Measurement errors caused by the contact tips migrating as a result of high contact pressure or tilt between measuring tips and contact surface no longer possible because the tips are supported by the observation optics during the measurement (with a corresponding reticle in the eyepiece as in the further development of the invention described) can be controlled.

the third advantage is that dpß. the area to be covered according to the described, further embodiment of the invention with the help of the reticle can be conveniently reduced in size in the eyepiece, which can be achieved using measuring heads with simple placement and rigid contact arrangement only with the help of one Storage of differently dimensioned "scanning heads" would be achievable, otherwise but a complex construction with adjustable tips would result.

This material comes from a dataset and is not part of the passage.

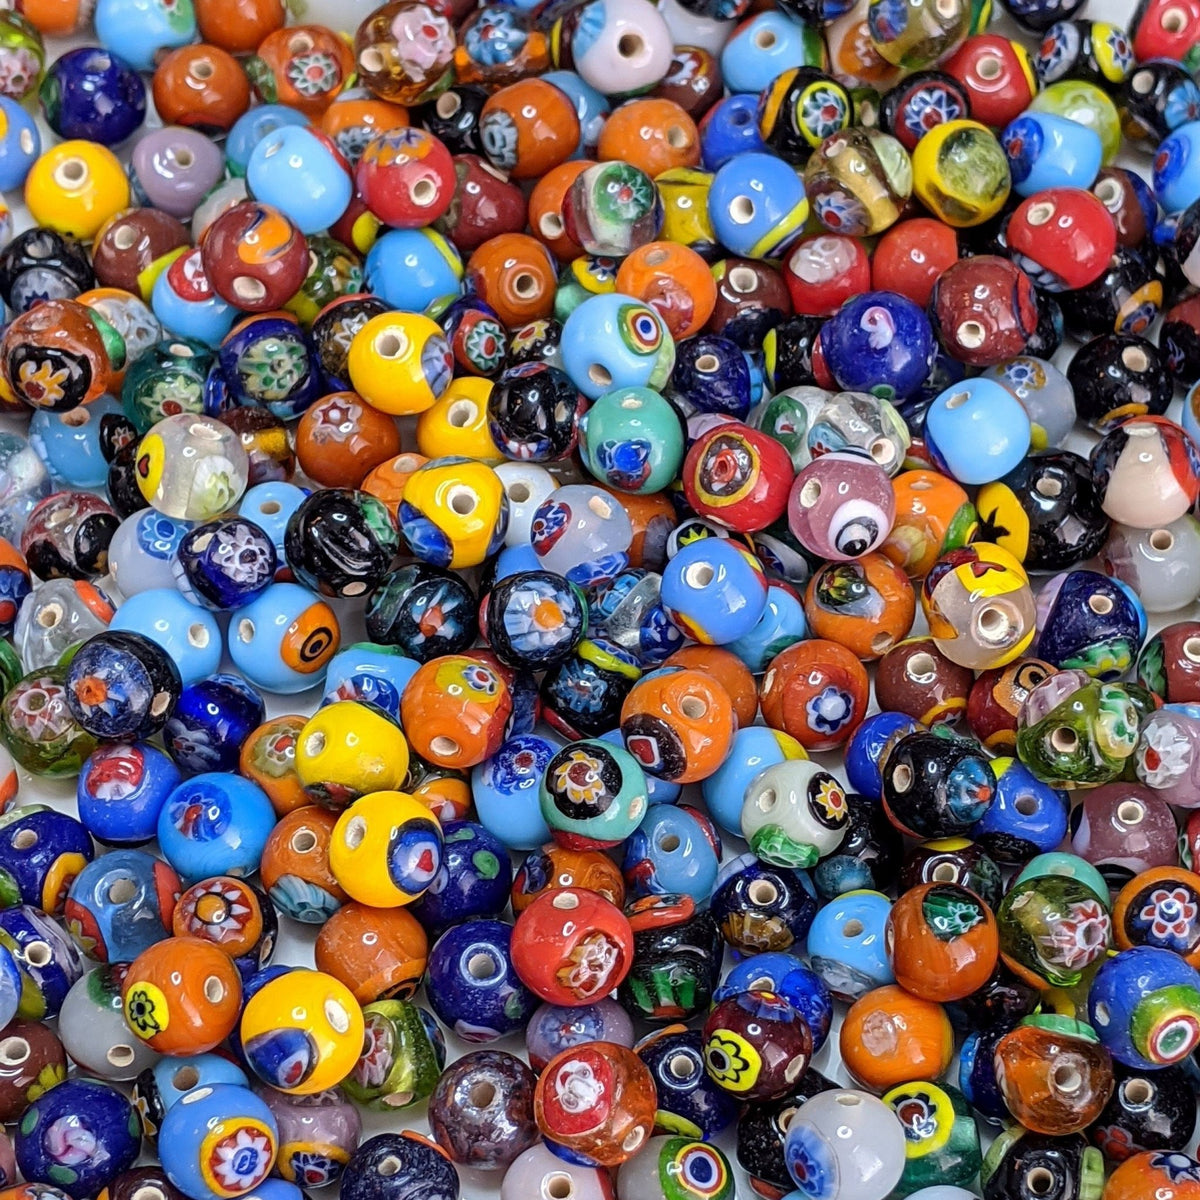 19 Mixed Color Lampwork Glass Beads - 8mm to 17mm Mixed Beads

Since the solution equations for the resistivity both for the measuring method on which the invention is based and also for the method according to van the Pauw are not explicitly presented, the evaluation of the measured results is a good idea via an iteration process. Because both procedures result in only one constant factor 2 7 "" is another advantage of the invention to see that an already existing computer program according to van der Ppuw in can be used in full. The respective measured values for RAB, CD and RBC, DA only have to be doubled before being entered in the existing computer program will.

Claims (1)

Measurement method for determining the specific resistance of thin layers (3) P a t e t a n s p r ü c h e: 1 .; Reßverfahren to determine the specific Resistance of a thin disk-shaped sample or a thin layer, in particular in the case of semiconducting materials, characterized in that the measurement is carried out by means of the 4th Circular arranged contacts takes place, depending on the size and shape of the to be detected Both the radius of the circle and the contact distances between each other can be measured as desired can be chosen as long as the smallest possible contacts are removed from the edge of the sample by approximately the amount of the greatest contact distance and their distance from one another is large compared to the layer or Slice thickness is. ?. iWleßverfabren according to claim 1, characterized in that ('a Tip scanning measuring station is used, da.r4 to observe the tip contact a stereo optic with a rubber lens (zoom) is used, an eyepiece with a circular reticle and possibly also with a crosshair with the help of which the contacts are positioned. 3. @@ ßverfahren nnch claims 1 and 2, characterized in that in the case of such noticeable substances, which do not have ohmic contact transitions due to the simple contact of the measuring tips ensure that at least one contact is designed as an "obash contact" (e.g. with the help of an alloy contact), so that a measuring current of a common size between this and an adjacent blocking contact can be fed if letatorer is polarized in the forward direction.